Is there a better way, or is this best practice to, as the subject says, "clear logs files in one shot"?

Thanks,
Scott

Posted: Thu Jul 23, 2009 1:27 am
by ArndW
I just spent weeks writing a program which manages log files - you can choose whether by date, or runs or number of log entries and it cleans up broken multi-instance and job run data plus it reorganizes remaining data and performs other housekeeping. Entries removed are archived to an Oracle database. All this work because this site doesn't want to lose log entries. The CLEAR.FILE approach works quite well and is fast and efficient. If you wanted to be clean, you could read or copy the //PURGE.SETTINGS record prior to clearing the file and then writing it back to the new and pristine log file. The other control records in the log file, "//SEQUENCE.NO" and "//JOB.STARTED.NO" don't need to be kept if all of the log entries that they refer to are cleared.

Posted: Thu Jul 23, 2009 4:51 pm
by ray.wurlod
Scott wrote:Is there a better way, or is this best practice to, as the subject says, "clear logs files in one shot"?
Use the auto-purge settings. Maybe with tighter rules than you currently have in place. That's what I'd regard as best practice.

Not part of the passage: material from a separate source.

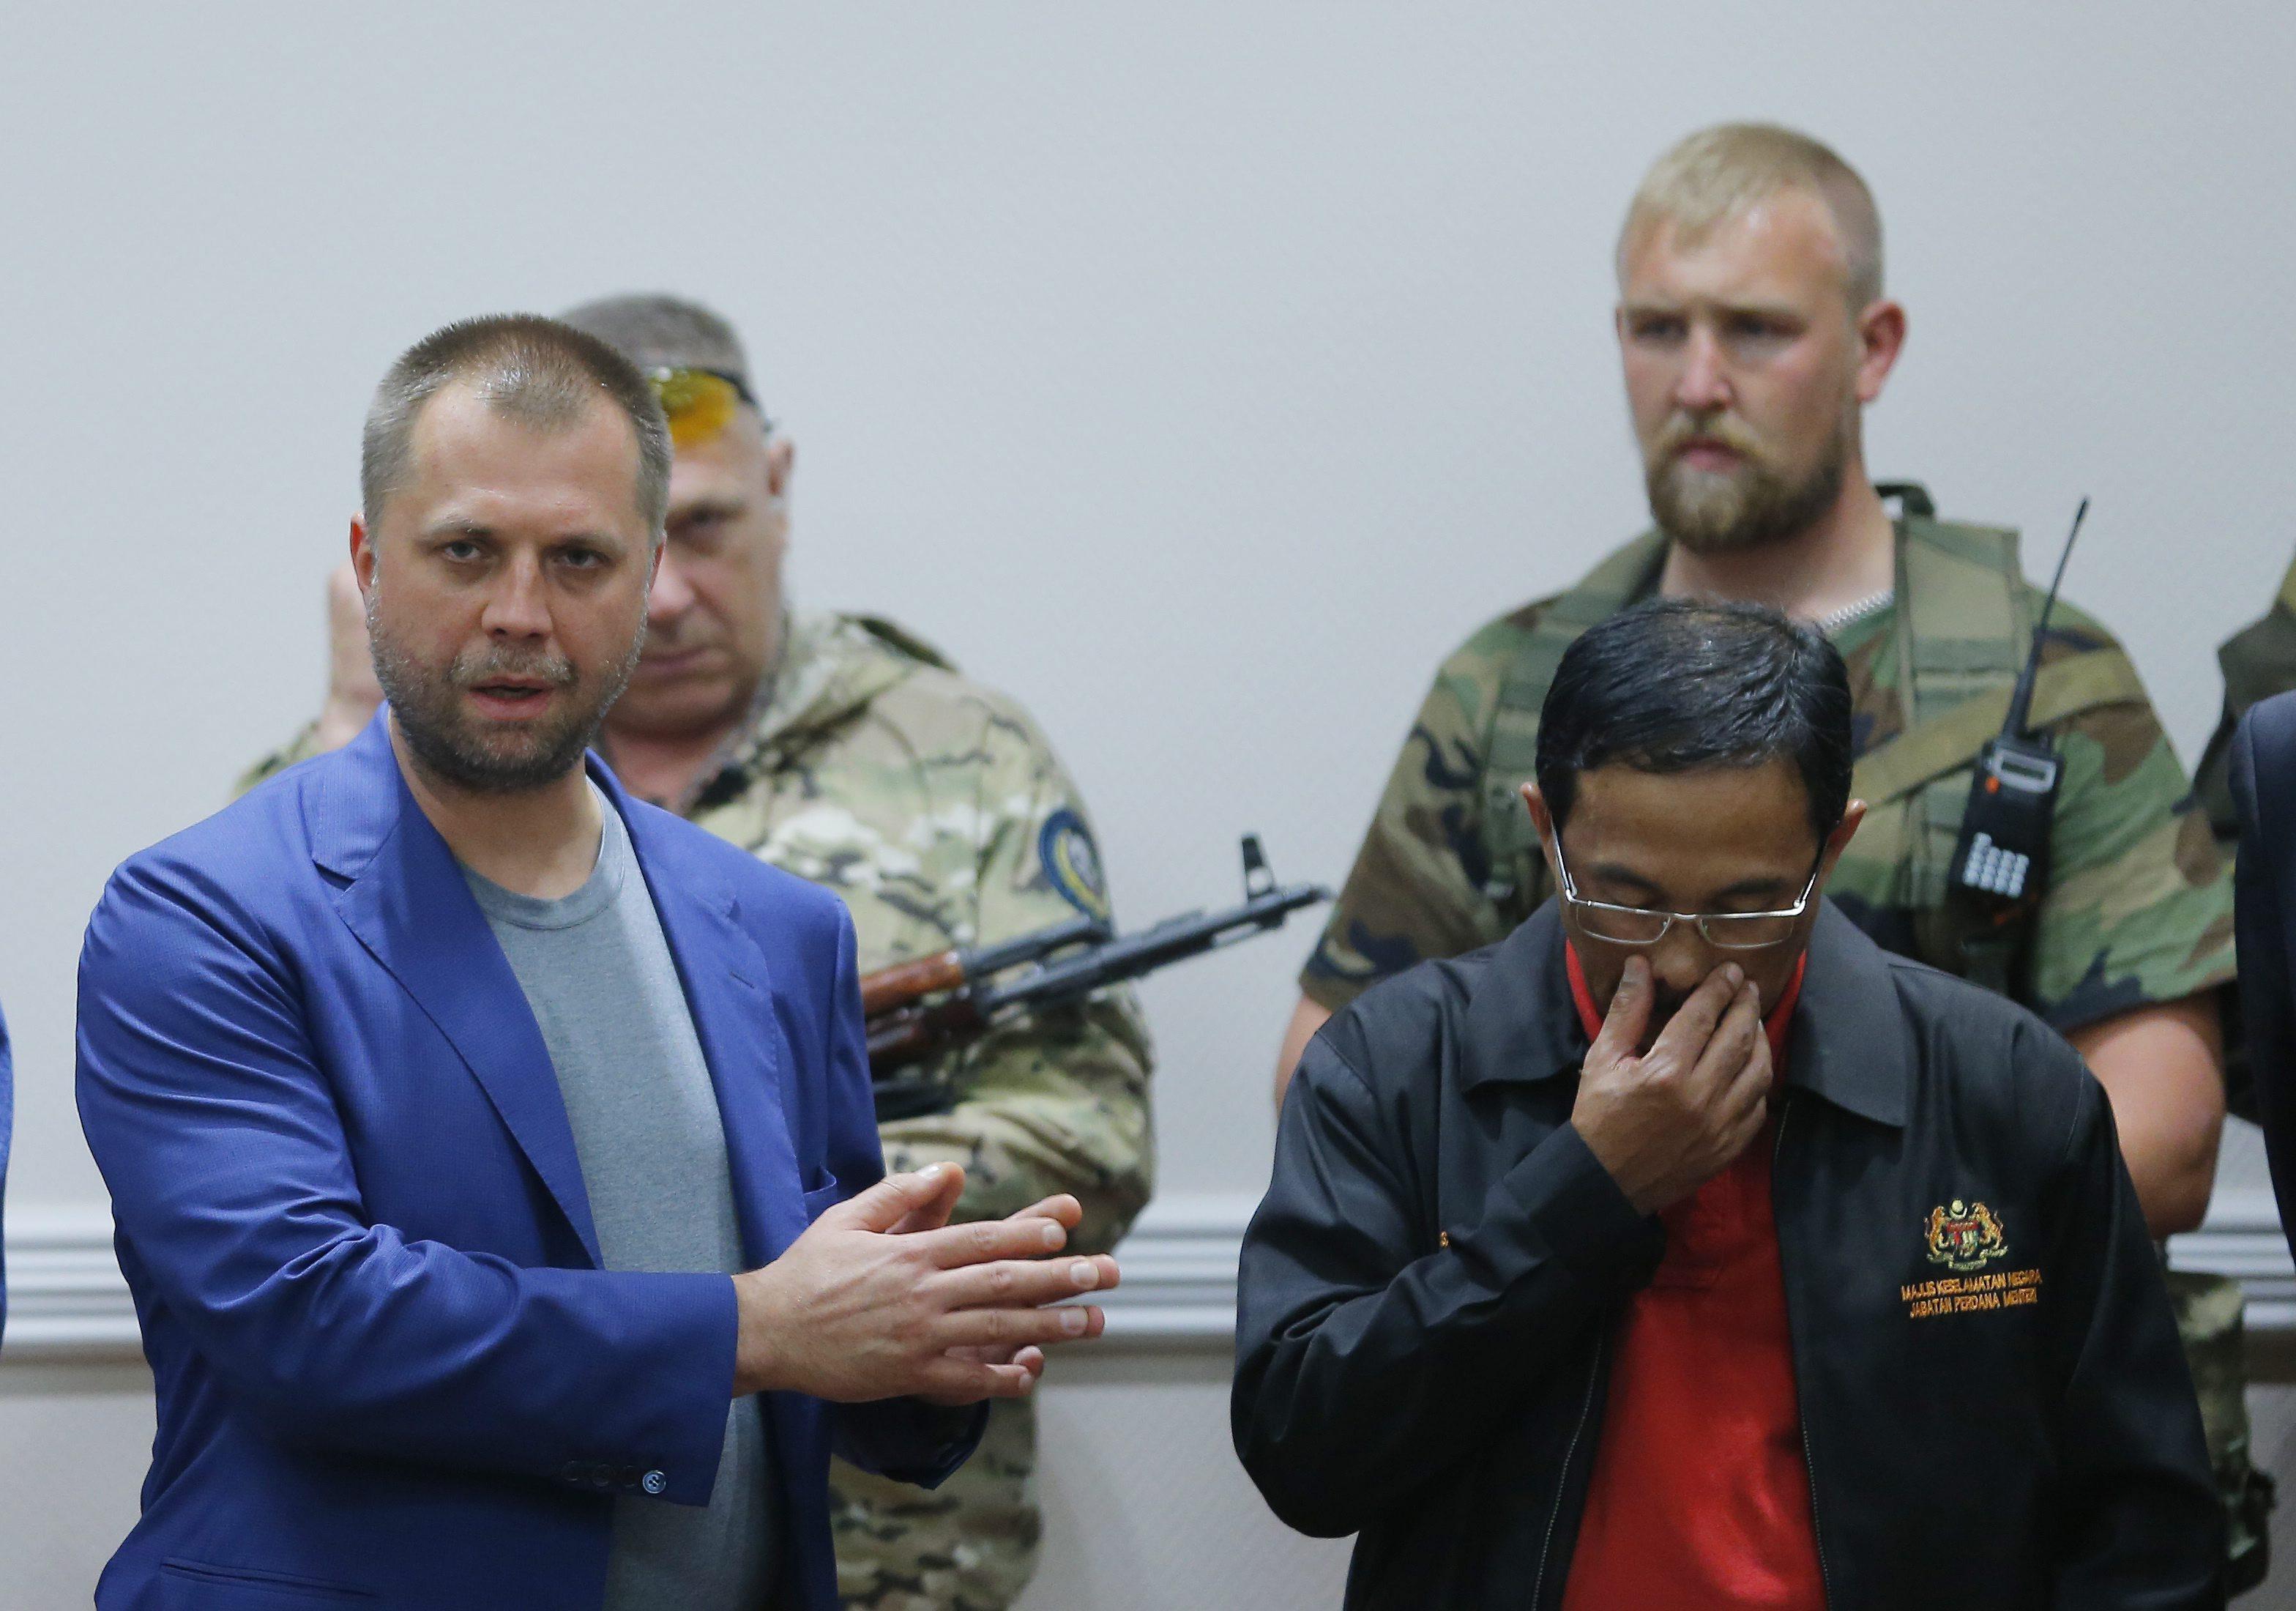 Odevzdáním černých skříněk rebelové zřejmě pomohli Rusku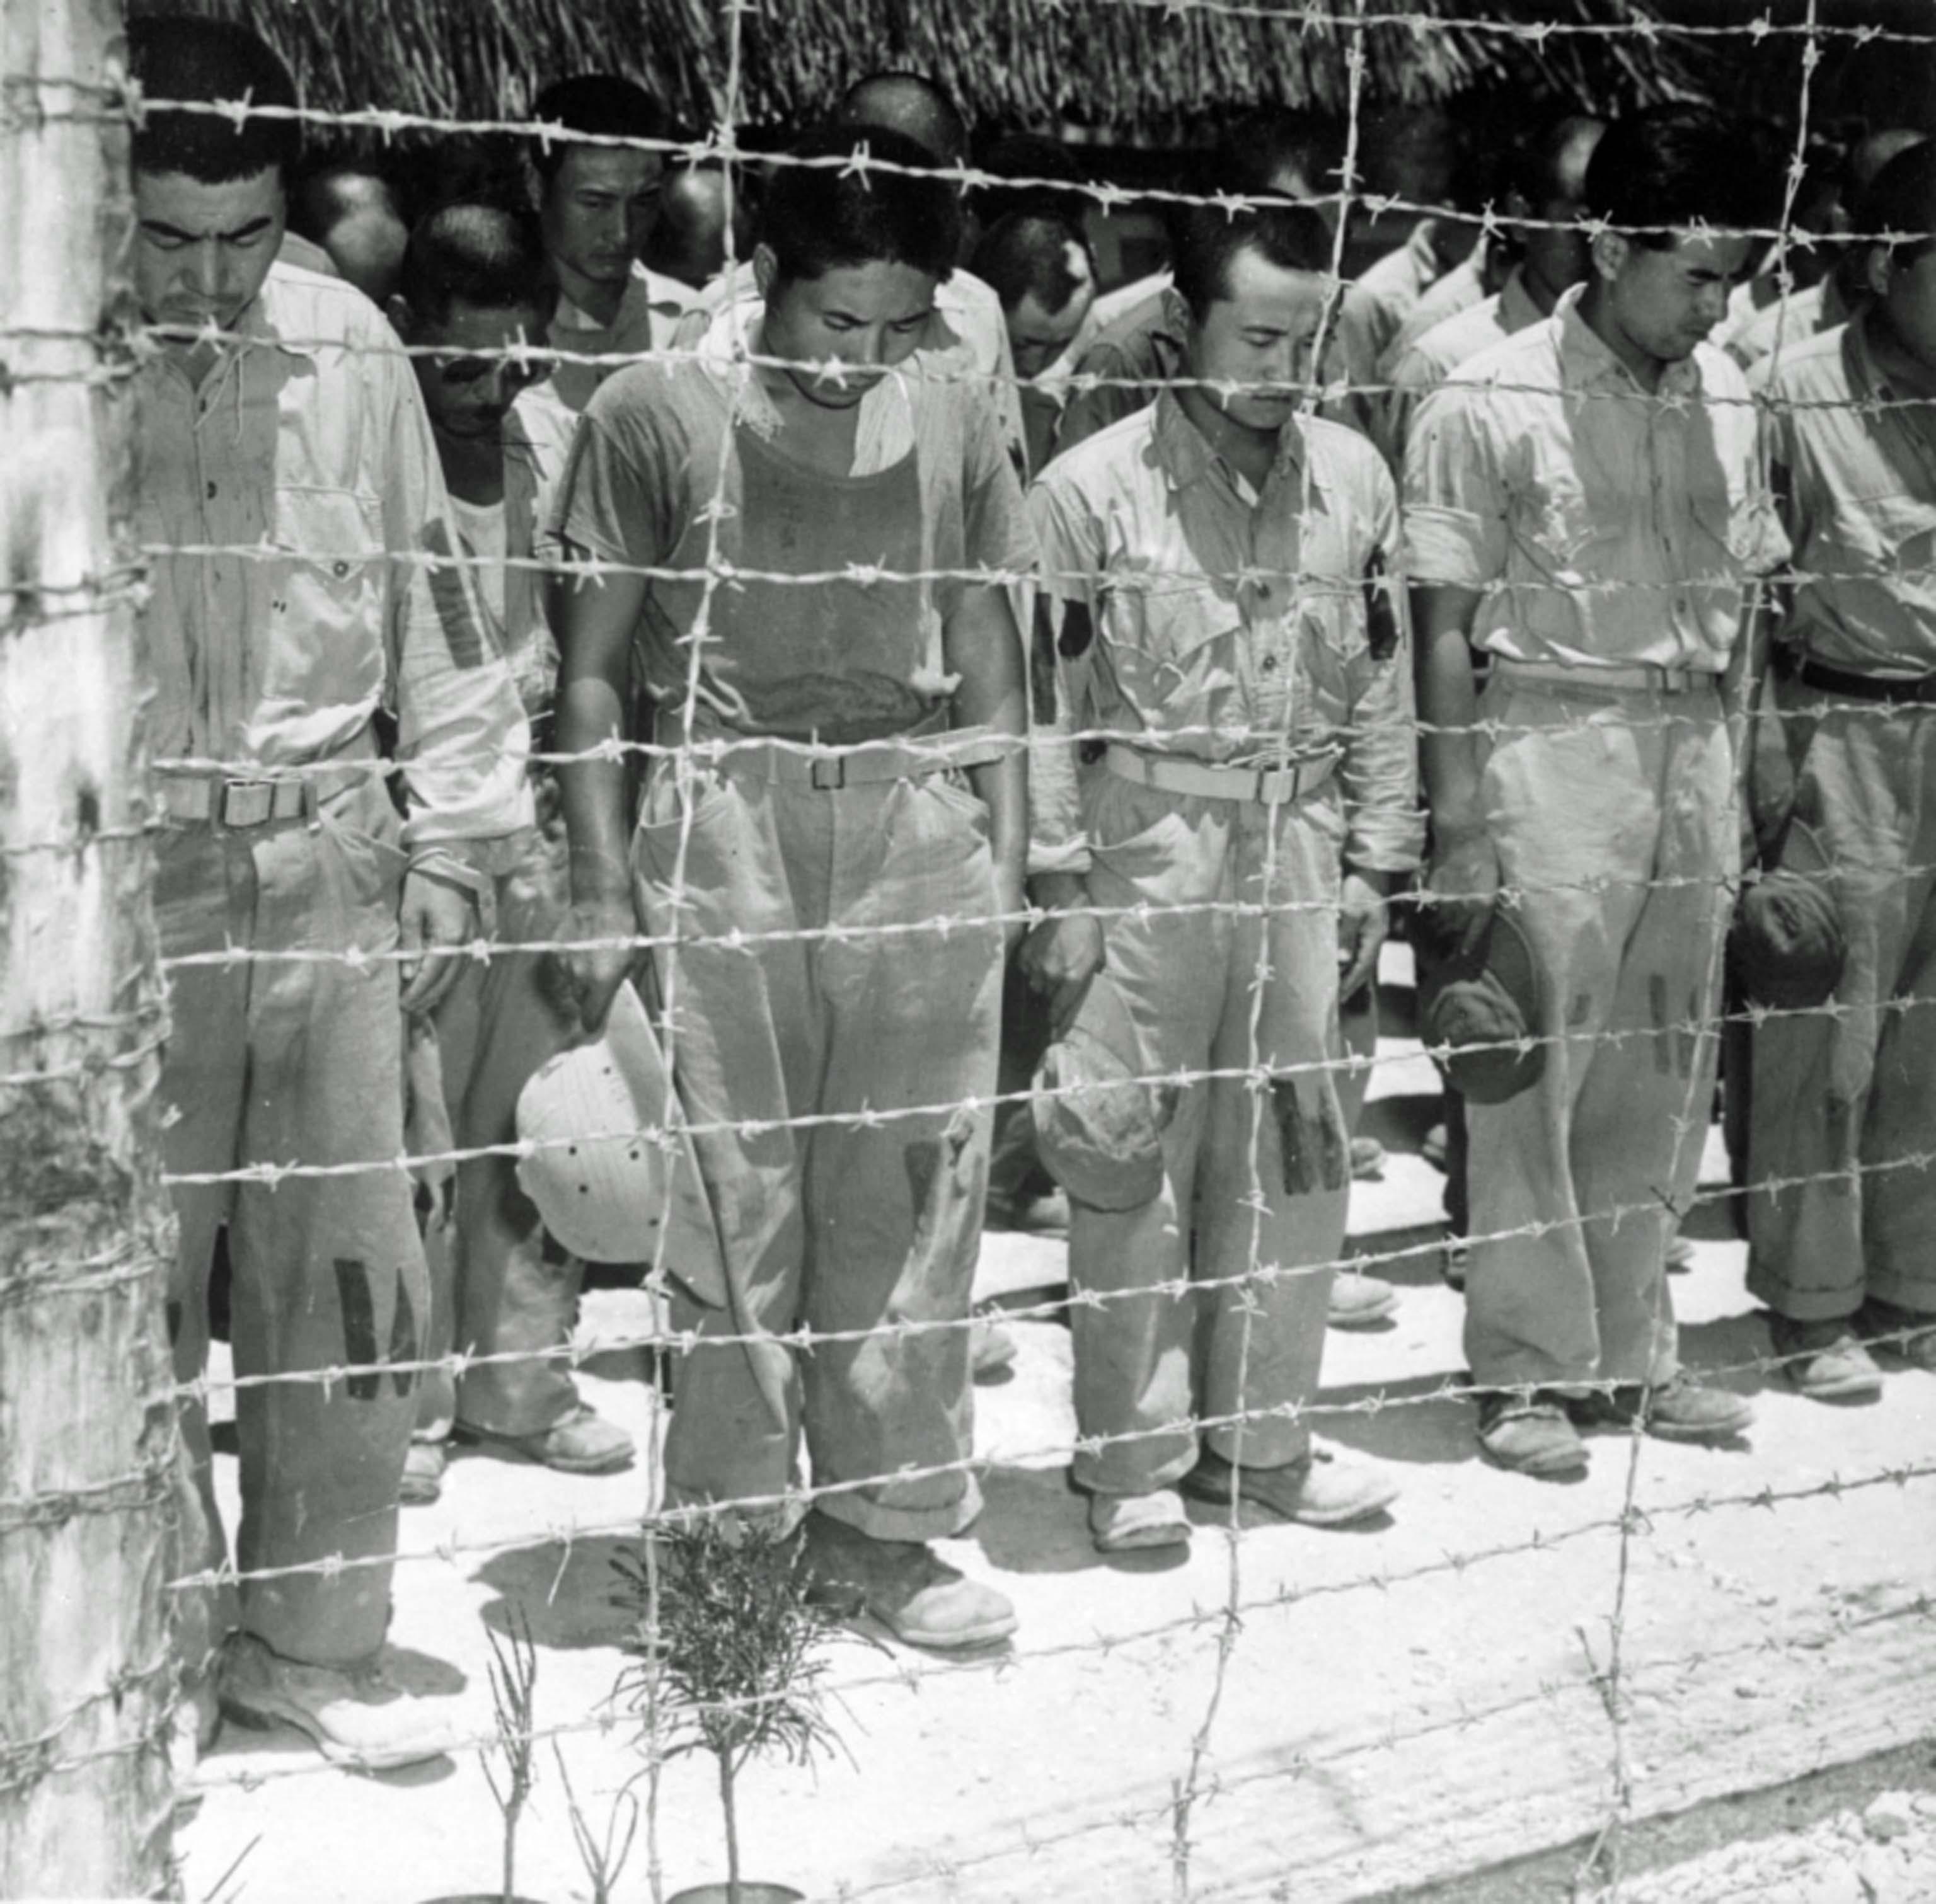 Captive Japanese

Posted: Thu Jul 23, 2009 5:33 pm
by sbass1
ray.wurlod wrote:
Scott wrote:Is there a better way, or is this best practice to, as the subject says, "clear logs files in one shot"?
Use the auto-purge settings. Maybe with tighter rules than you currently have in place. That's what I'd regard as best practice.
Thanks Ray. I'm currently just using this utility in our DEV environment, where job creation is very dynamic, and the large logs (usually due to thousands of warnings) make reading the logs slow.

I'll ensure we set proper auto-purge settings for our PRD environment.